# UK Soap and Drama Discussion > Hollyoaks > The Rumour Mill >  Zoe to become pregnant?

## shirlene76

I read on wikipidia that zoe becomes pregnant and Will tries to persuade her to have an abortion :EEK!:  

Sorry dont know if this is old news or not!

http://en.wikipedia.org/wiki/Zoe_Carpenter[/URL]

----------


## Jojo

Moving to Rumour Mill till confirmed Spoiler.  Wikpedia is sometimes a great source, but other times, because of being editable, is not so reliable.  :Smile: 

Welcome to SB's by the way  :Smile:

----------

shirlene76 (20-02-2007)

----------


## tammyy2j

With Becca and Amy having baby storylines i doubt that another cast member will get a pregnancy storyline. I don't really care about Zoe or Will as characters they are useless.

----------


## Chris_2k11

> I don't really care about Zoe or Will as characters they are useless.
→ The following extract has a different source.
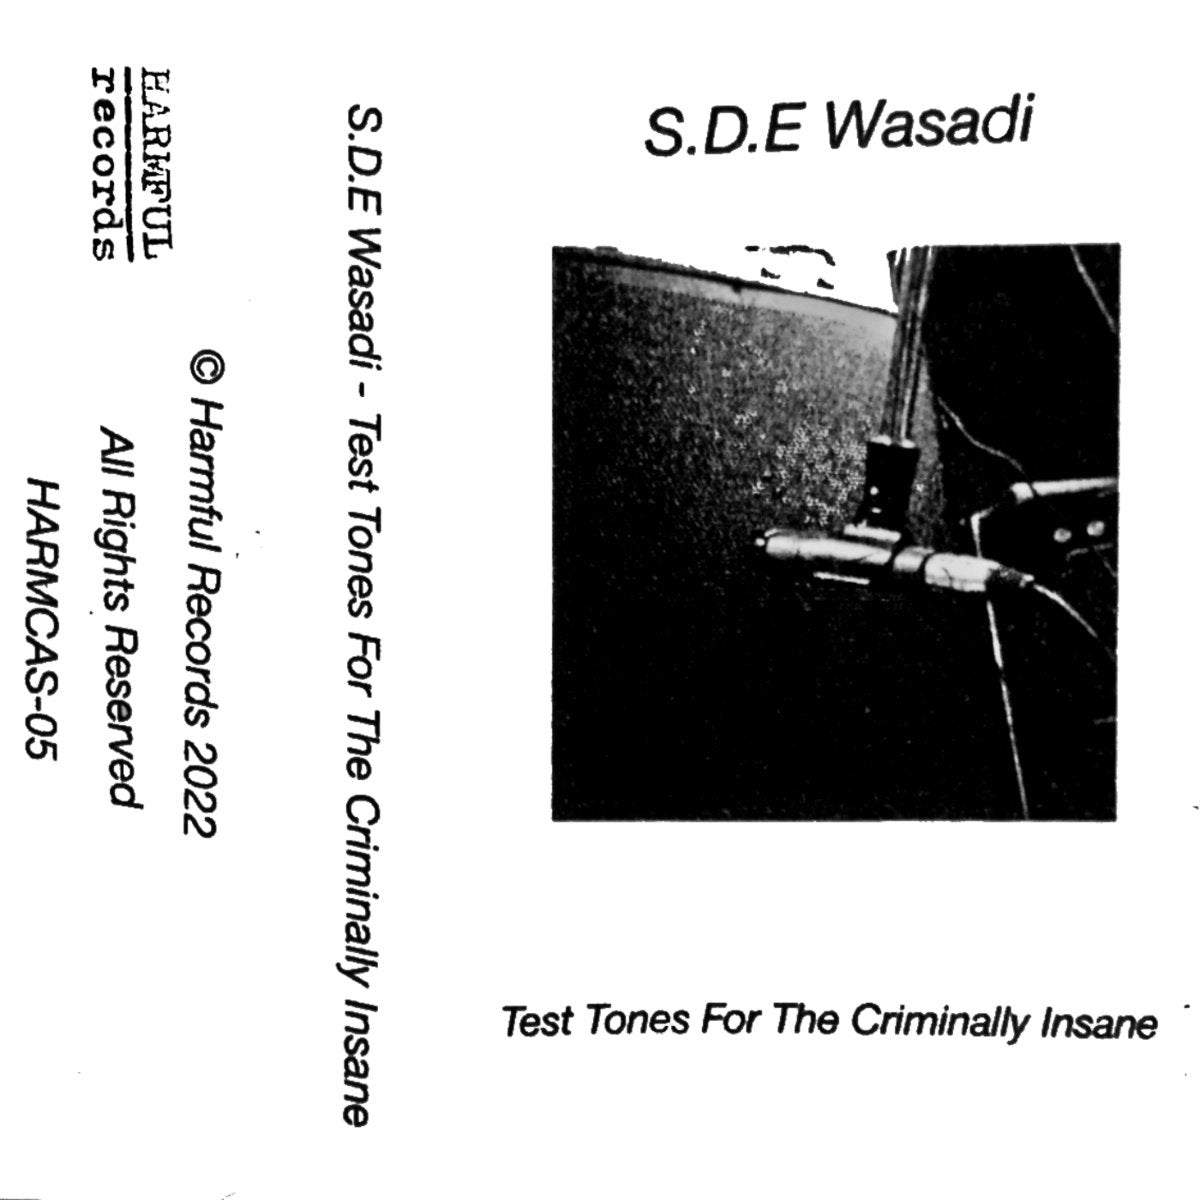 S.D.E Wasadi - Test Tones For The Criminally Insane CS

I like Zoe but not Will  :Nono:

----------


## DaVeyWaVey

I wouldn't mind this rumour being true actually, i think it would be a good storyline. I like Zoe as a character, and Will persauding her to have an abortion could result in more of his mind games, but i think it is unlikely as Amy has her storyline at the moment with her pregnancy.

----------


## Abbie

Hmm wouldnt really mind if this happened however that would mean alot of baby storylines recently.

----------


## Katy

I tink it would fit though if weird will made her have an abortion. That way there is no baby. But like Em says Wikipedia could be making it up, all depends on the editor.

----------


## StarsOfCCTV

> Originally Posted by tammyy2j
> 
> 
> I don't really care about Zoe or Will as characters they are useless.
> 
> 
> I like Zoe but not Will


Will's a physco! I like Zoe to though, she needs to get together with Zac!  :Big Grin:

----------